Però eri consapevole di quella che era la situazione a Catania. Banalmente, perché hai accettato la loro proposta?
“Perché comunque era una squadra di un certo blasone e quando ti arrivano proposte del genere è sempre difficile dire di no. Avevano fatto gli ultimi anni in A e in B, la speranza era quella di fare una buona annata e magari risalire subito, grazie anche ai tanti nomi che avevamo in rosa, Falcone e Calil su tutti. Poi, ripeto, era tutta la situazione ad essere particolare, l’ambiente era giustamente avvelenato per quanto successo e sia io che la mia famiglia l’abbiamo vissuta davvero male”.

In chiusura. Hai parlato di Catania come possibile ripartenza ma, in una precedente intervista, hai descritto Bassano come l’occasione per la svolta. Lo è stata davvero in qualche modo?
“Fino a gennaio possiamo dire di sì, però quella di rendere sempre fino a metà stagione è stata, purtroppo, una costante che mi sono portato avanti in tutti gli ultimi anni della mia carriera. Il fatto è che, ad un certo punto, quando i risultati iniziano a non arrivare, le stesse prestazioni di un giocatore ne possono risentire, come successo nel mio caso. Certo, non che avessi fatto malissimo, ma all’interno dello spogliatoio erano successe tante cose particolari che mi hanno condizionato in maniera importante. Ad esempio, hanno fatto in modo che la fascia di capitano passasse da Bizzotto a Rossi, l’altro portiere, e per questo da un certo punto in poi è stato preferito lui rispetto a me”.

Dopo questi episodi, avevi già iniziato a pensare, concretamente, di abbandonare il mondo del calcio?
“No, a Bassano ancora non avevo maturato questa decisione. È stato in estate che ho iniziato a pensarci seriamente, ma in generale i mesi tra una stagione e l’altra li ho sempre vissuti male, soprattutto nelle ultime fasi della mia carriera. Le prestazioni non erano delle migliori, i contratti tutti annuali, non sono stati momenti facili. Negli ultimi mesi a Bassano, poi, era nato anche mio figlio, e ho iniziato a vedere tutto in maniera diversa. Da padre di famiglia, devi pensare anche a quello che è il futuro del bambino e della tua compagna. Non potevo continuare ad arrangiarmi per un contratto, non potevo costringere tutti a girare l’Italia vivendo tra mille dubbi e mille incertezze. Ricordo perfettamente come ho maturato la decisione di smettere. Io e la mia ragazza eravamo in vacanza all’Isola d’Elba e un giorno mi sono svegliato molto presto, più o meno verso le 7 di mattina, per pensare alla soluzione per l’anno successivo. All’improvviso ho iniziato a riflettere sul fatto che non potevo continuare ad “impazzire” per nulla, dovevo cambiare vita ancor prima che godermi la vacanza”.

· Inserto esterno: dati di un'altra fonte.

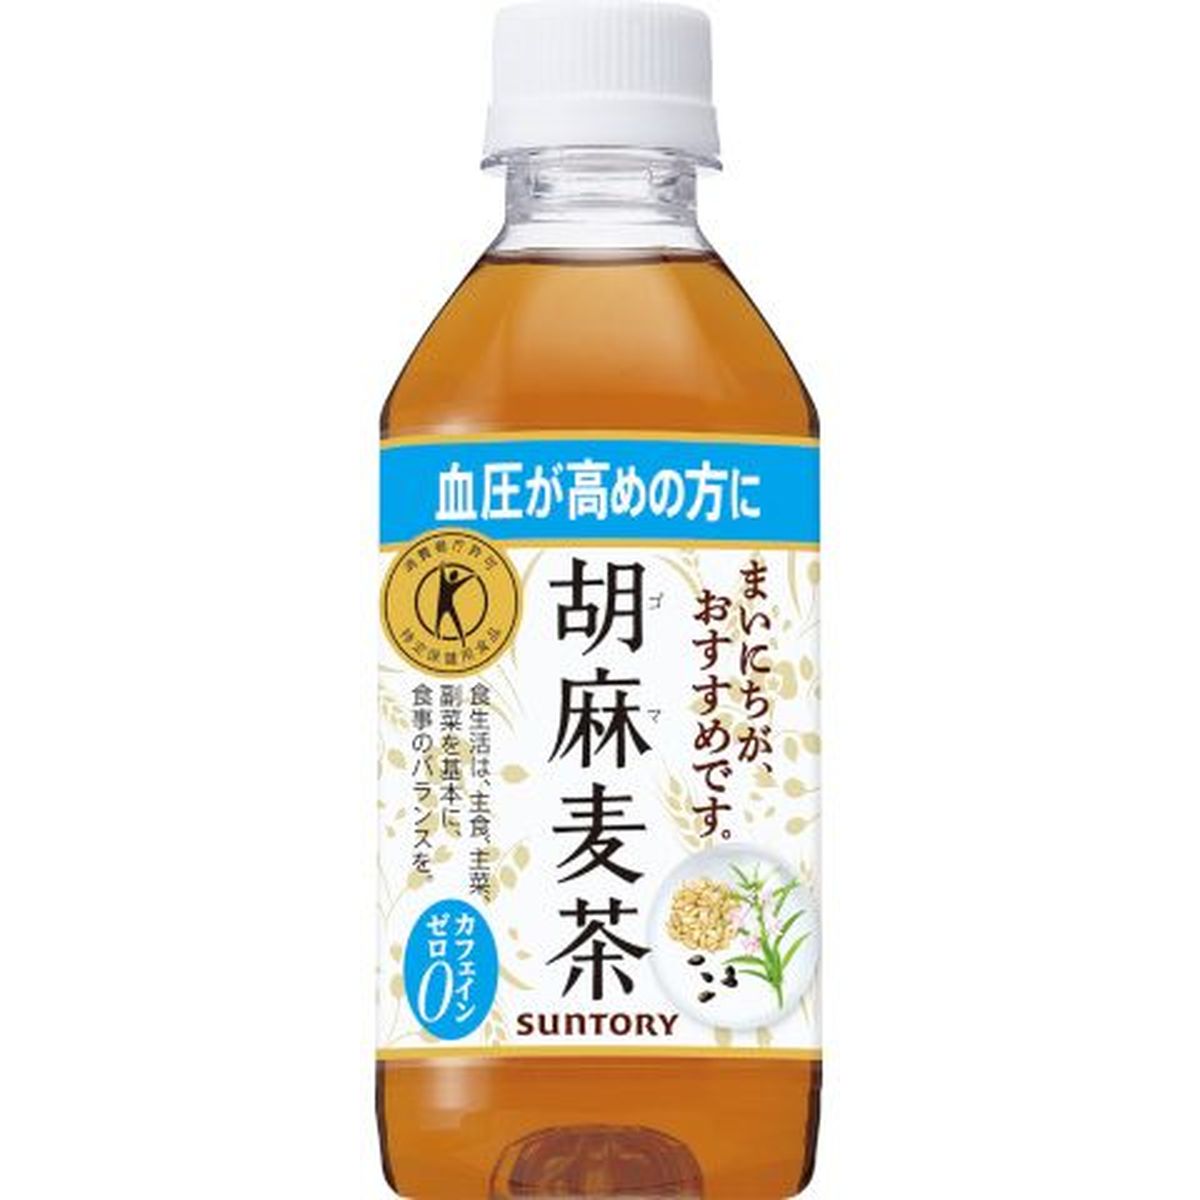 【24個入リ】サントリー 胡麻麦茶(手売リ用) ペット 350ml

La tua famiglia come ha preso questa decisione?
“La mia ragazza, all’inizio, ha provato a farmi cambiare idea, così come mister D’Angelo, una persona di poche parole e che difficilmente ti cerca, se non per dirti qualcosa. Avrebbe potuto portarmi a Pisa con lui dopo l’esperienza a Bassano, ma volevo provare a reinventarmi in altri modi. Ormai avevo deciso di voler lasciare il mondo del calcio, non ho voluto sentire ragioni”.

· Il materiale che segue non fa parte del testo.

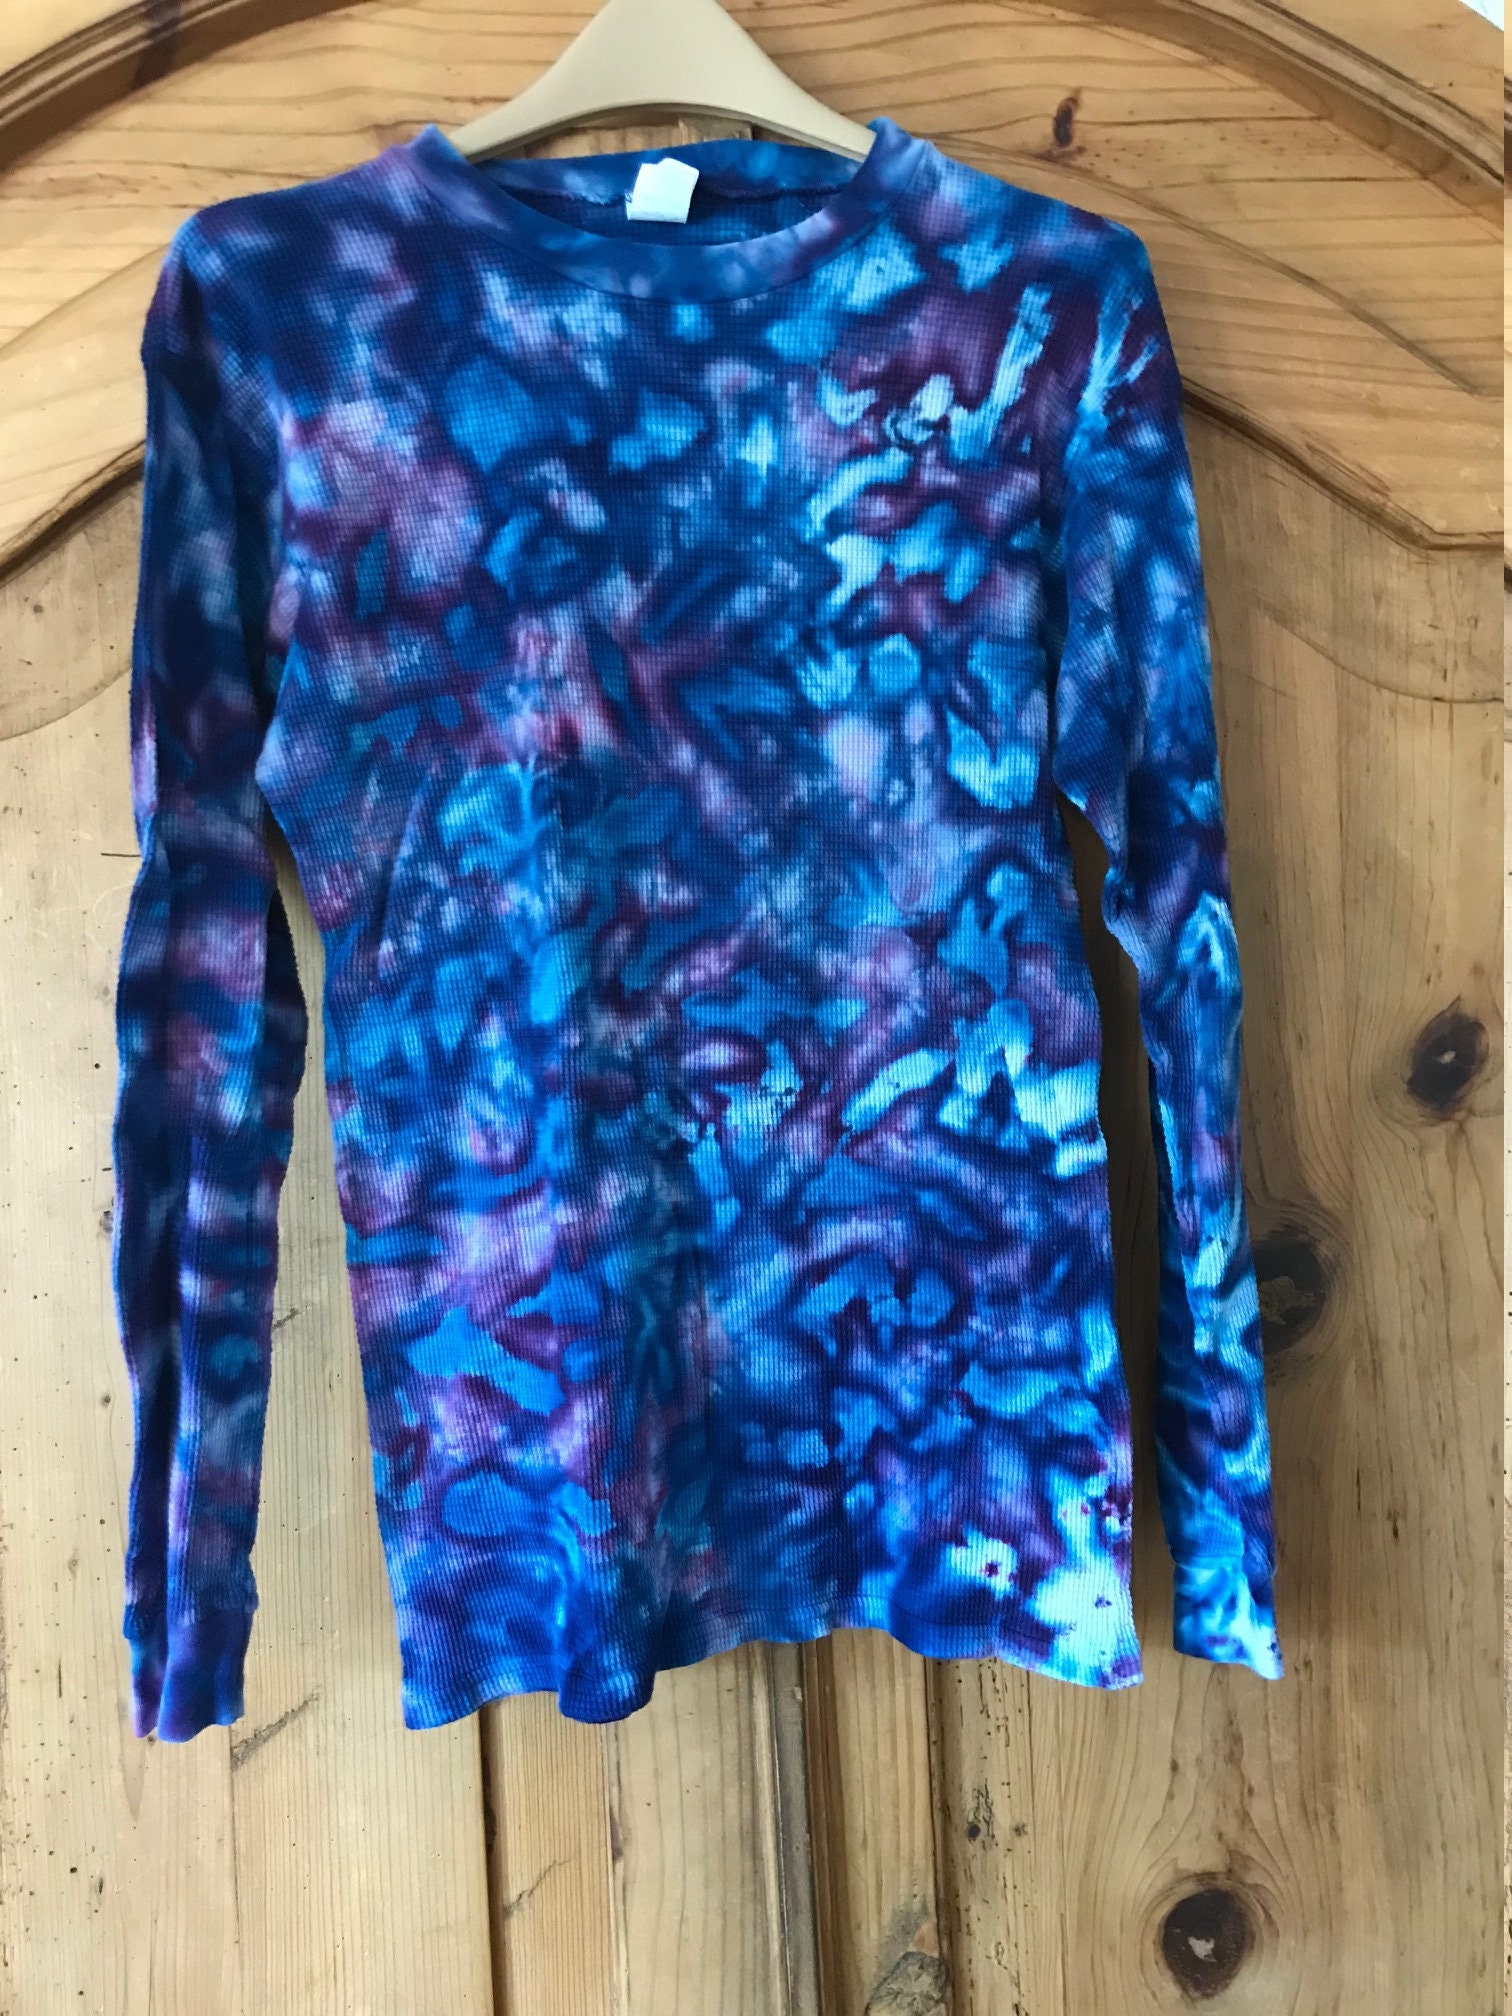 Spring Awakening Crumple Tie Dye T-Shirt Small – Woof Dyes LLC

L’ultimissima. Qual è il momento più bello che hai vissuto nella tua esperienza da calciatore?
“Sicuramente sceglierei la partita di andata nei playout contro il Novara. Lo dico con sincerità, ormai ho lo sdegno del calcio, ma quando mi viene un attimo di nostalgia inizio a rivedermi i video di quella partita. È l’unica che ho la voglia e il piacere di rivivere”.